Erik frowned. “The rulers changed the way things were. It is what rulers do.”
“This is true,” Malber nodded. “The ebad, they had never known anything but servitude. When they were offered freedom, they were afraid.”
“That makes sense. Why change the way things are meant to be.”
“Things are not meant to be that way. People are not meant to be ebad. No man should have such control over the life of another.”
Erik’s hand caressed the flank of his rifle in an almost unconscious gesture. “With this rifle, I control the lives of many. With my training and rank in the ranks, I control the lives of every trooper under my command. That is the way things should be.”
“Man, you are ezayen.” Malber chuckled and his tone suggested it was the kind of putdown Erik expected from his comrades.
“I need to get back to my squad.” Erik stood. “Thank you for the hot food.”
“You know how they convinced the ebad to leave their masters?” Malber asked.
“Is it part of the story?”
“The law makers went to the ebad and told them that if they accepted their freedom, they would be given everything they needed to stand alongside their former masters as equals.”
“That would make sense,” Erik replied.
“It worked. The ebad walked away from the homes they had known, the families they had grown up with, the fields and factories they had worked. In return, they were given houses of their own. Jobs and education. Everything their masters took for granted was given to them.”
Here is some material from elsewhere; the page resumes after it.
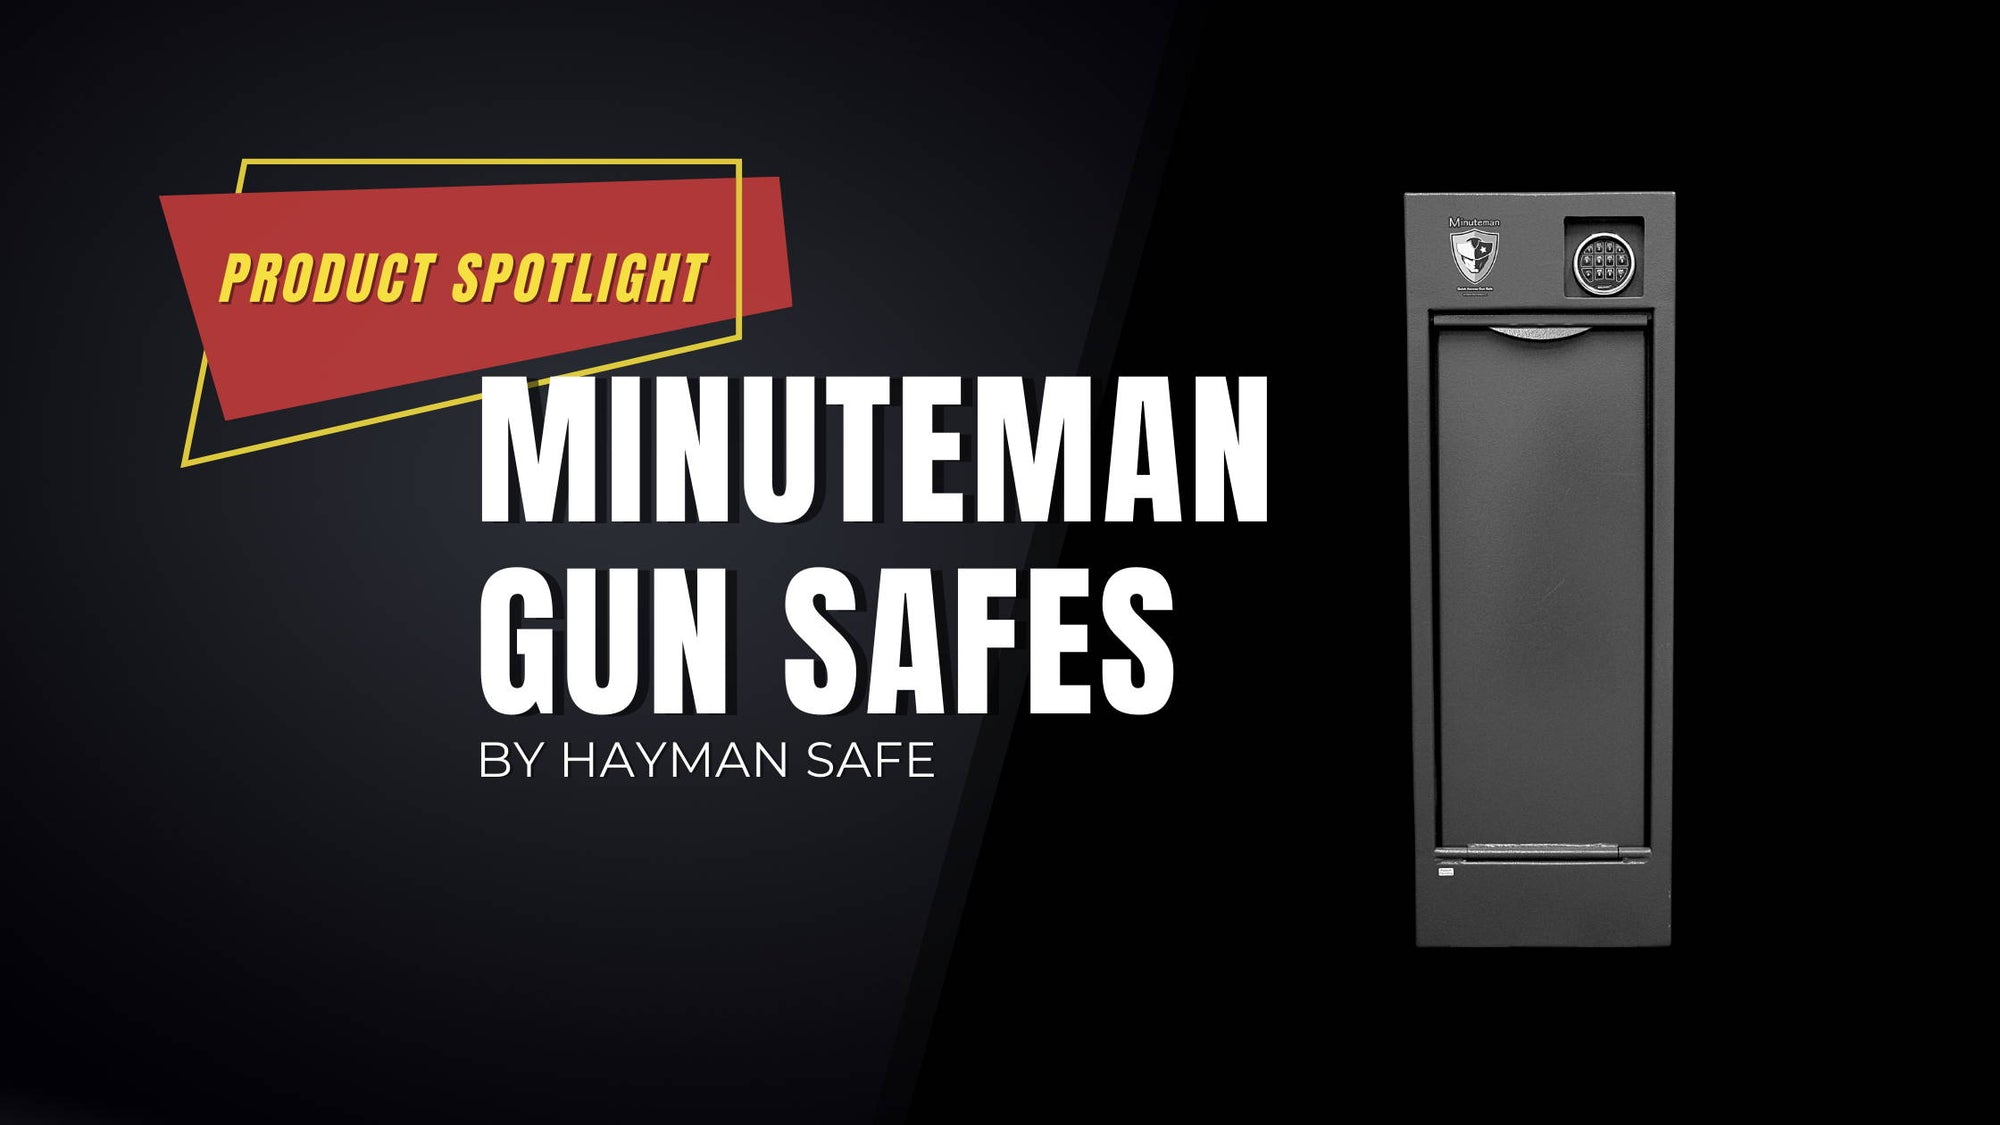 Product Spotlight: Minuteman Gun Safes by Hayman Safe

“I will come back with support personnel. Medical supplies, food and better defenses.” Erik headed towards the exit.
Malber watched the trooper go. His father had been the first-born child of ebad parents when they were given their freedom. Malber heard the stories from his father. After their freedom, the ebad were crammed together in cheap and segregated housing. Crime escalated, and they found themselves competing for jobs that they had previously done by birthright. Sickness and drug abuse became a problem. Within a generation, those who had been ebad were lost and dying. People like Malber’s parents were the lost generation. The outcome of a social experiment in freedom that had unfortunate side effects.
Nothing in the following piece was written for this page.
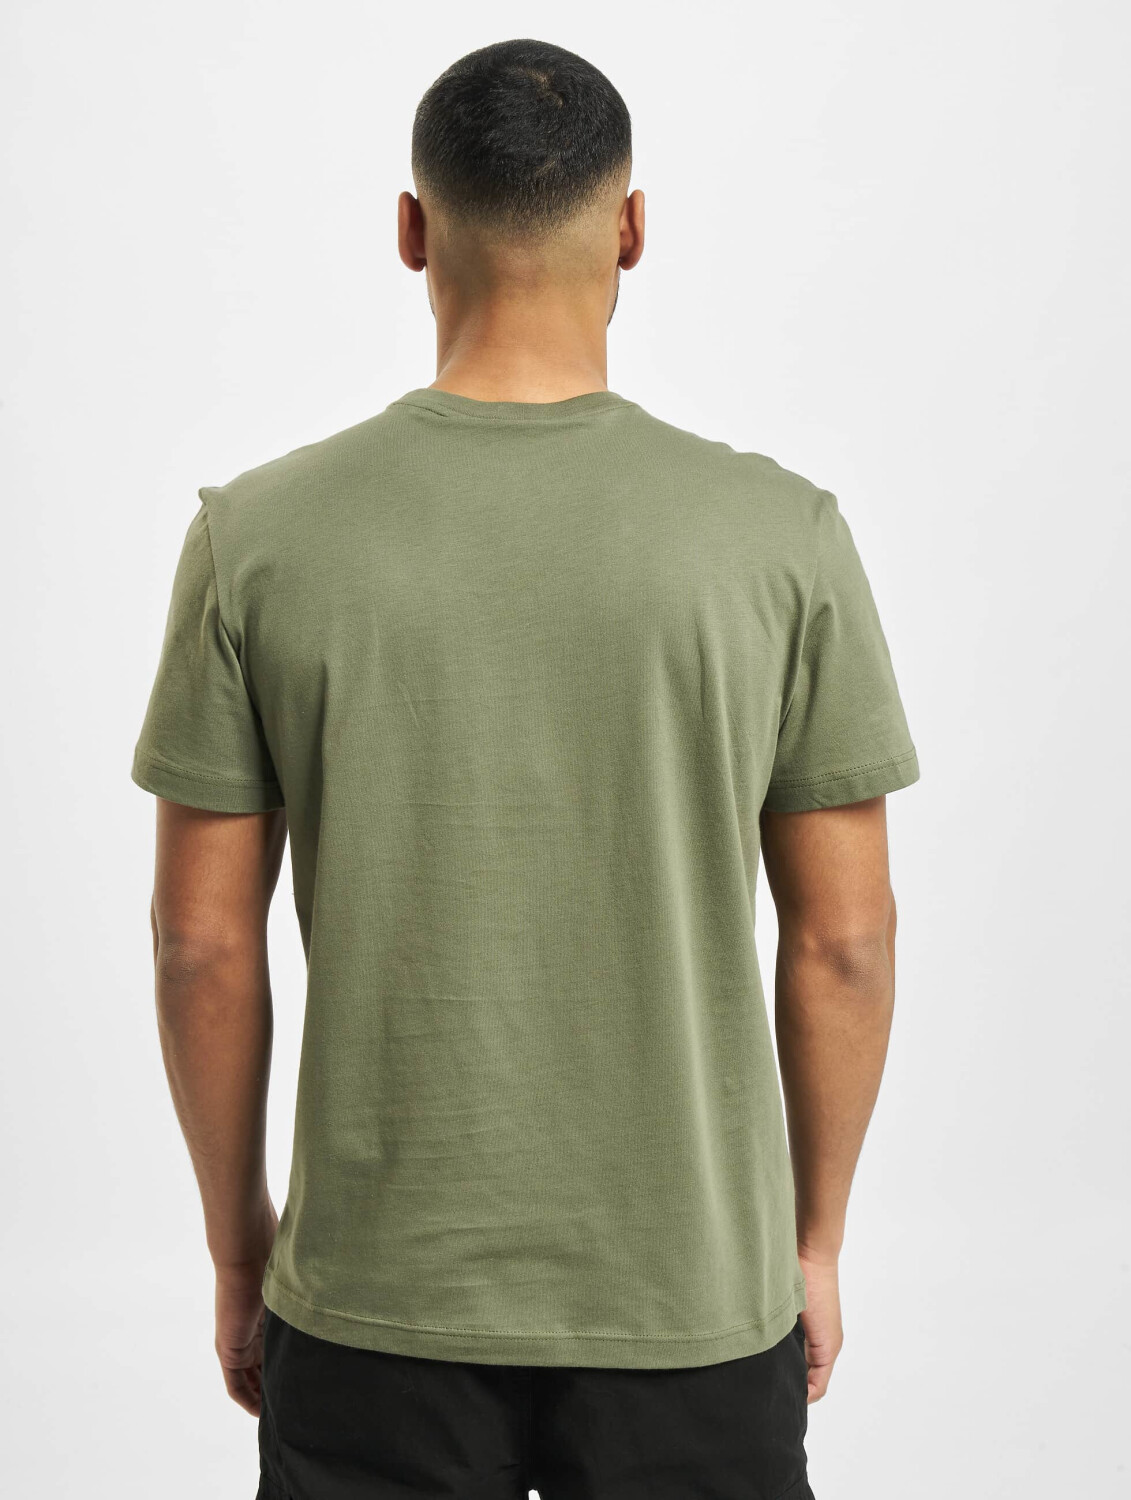 Lacoste Men\'s Crew Neck Jersey T-Shirt (TH2038) tank olive ab 44,99 € |  Preisvergleich bei

Not that any of it mattered anymore.
A woman took a seat next to Malber at the fire.
“I am sorry for the loss of your son, Sara-sha,” Malber said, his eyes fixed on the low flames.
“Thank you. I will not allow my grief to compromise our work.”
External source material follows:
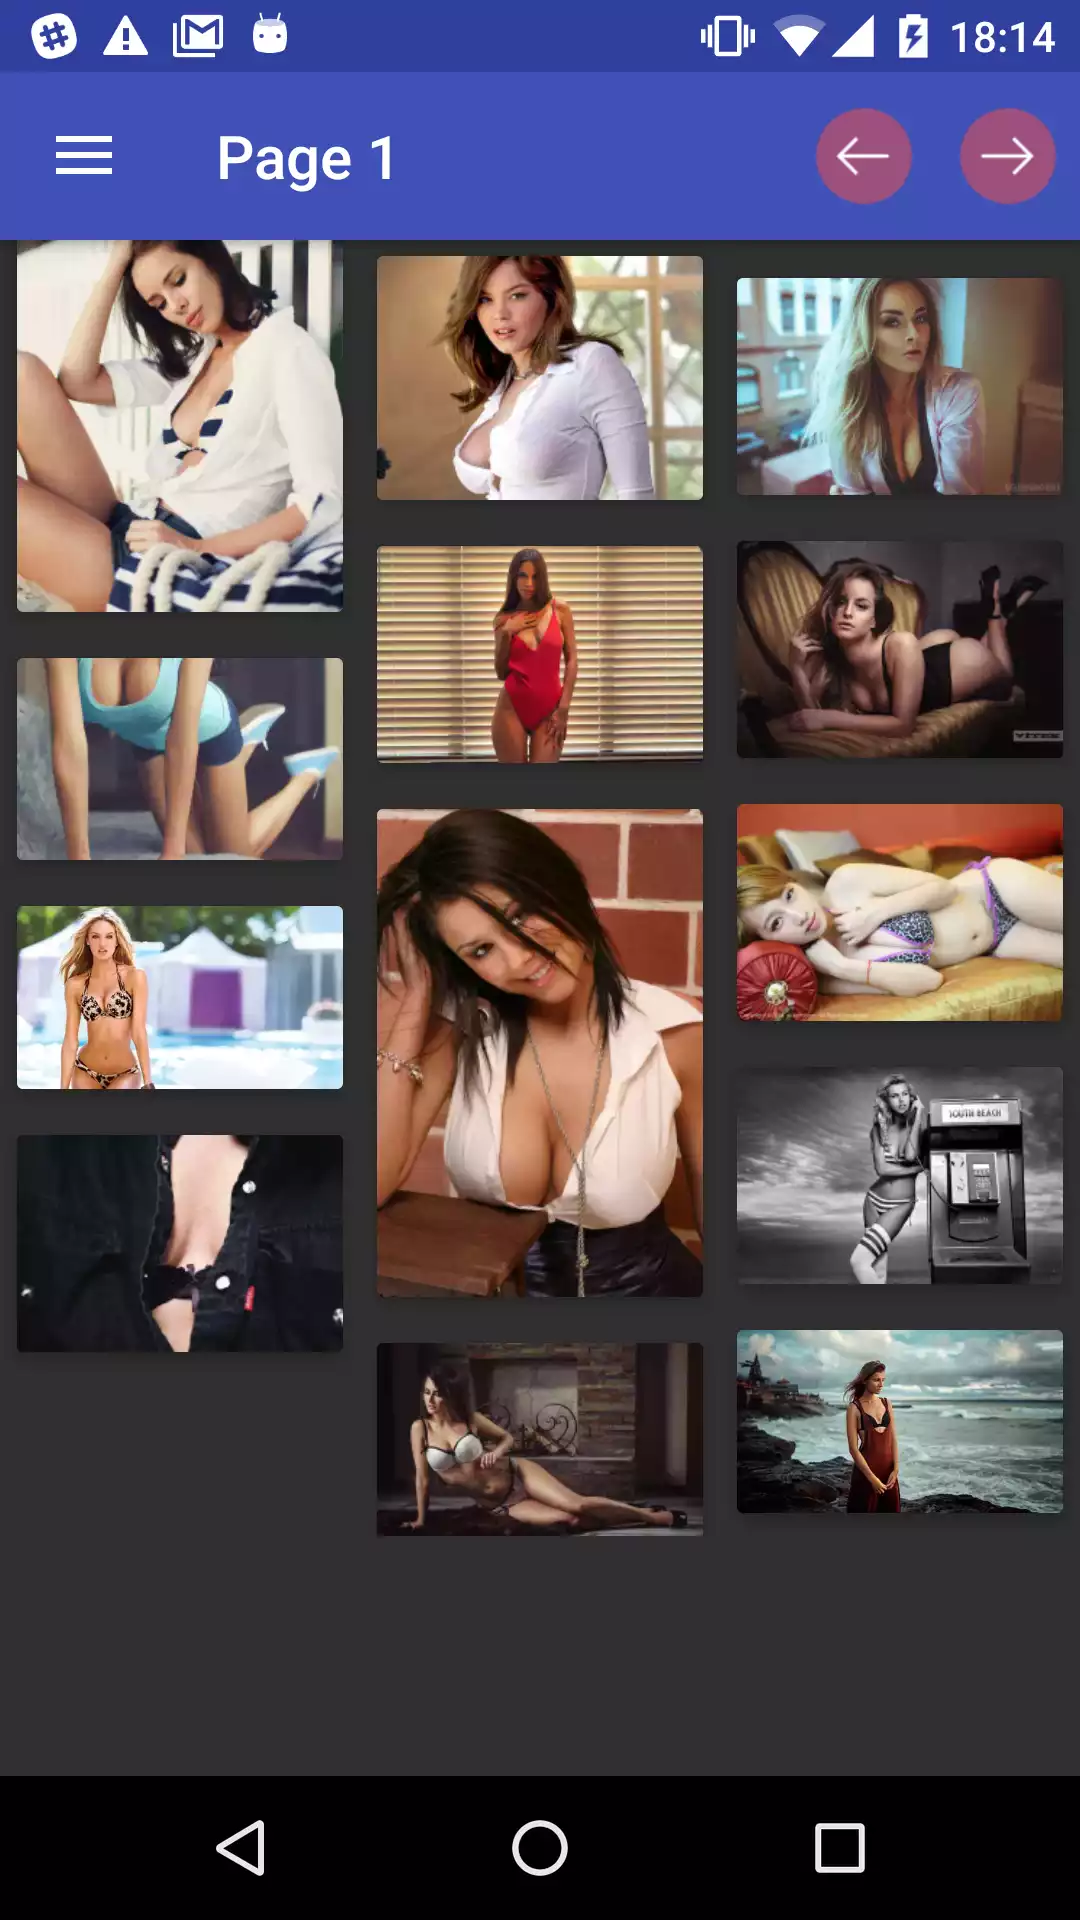 Cleavage Backgrounds sexy,hentsi,new,hentie,photos,porn,artwork,pics,hentai,hotebonypics,pic,apk,ebony,pocs,pictures,series,futanari,download,app,backgrounds,hentia,wallpapers,best

“Do not allow our work to compromise your grief,” Malber countered.
Sarah-sha wrapped a dusty wrap tighter around her shoulders. “I do not believe it is wise to allow the outsiders to much contact with us.”
“I agree, Sara-sha. We knew this day would come and we have prepared for it. We will continue digging. Once we reach the temple, we will be free.”
III
Silian glanced back as Erik approached. The trooper’s silhouette fading against the dying light of the day.
Erik sank down and scuttled to Silian’s side.
“Stat-rep,” he ordered.
“Second Helos ship came in. Same landing cords. We have forty-five minutes of light remaining.”
“The others?”
“They have followed orders.” For Silian, following orders was a statement of fact.
“Hup. Let’s move.” Erik broke cover and headed up the tunnel to the surface, Silian following on his heels.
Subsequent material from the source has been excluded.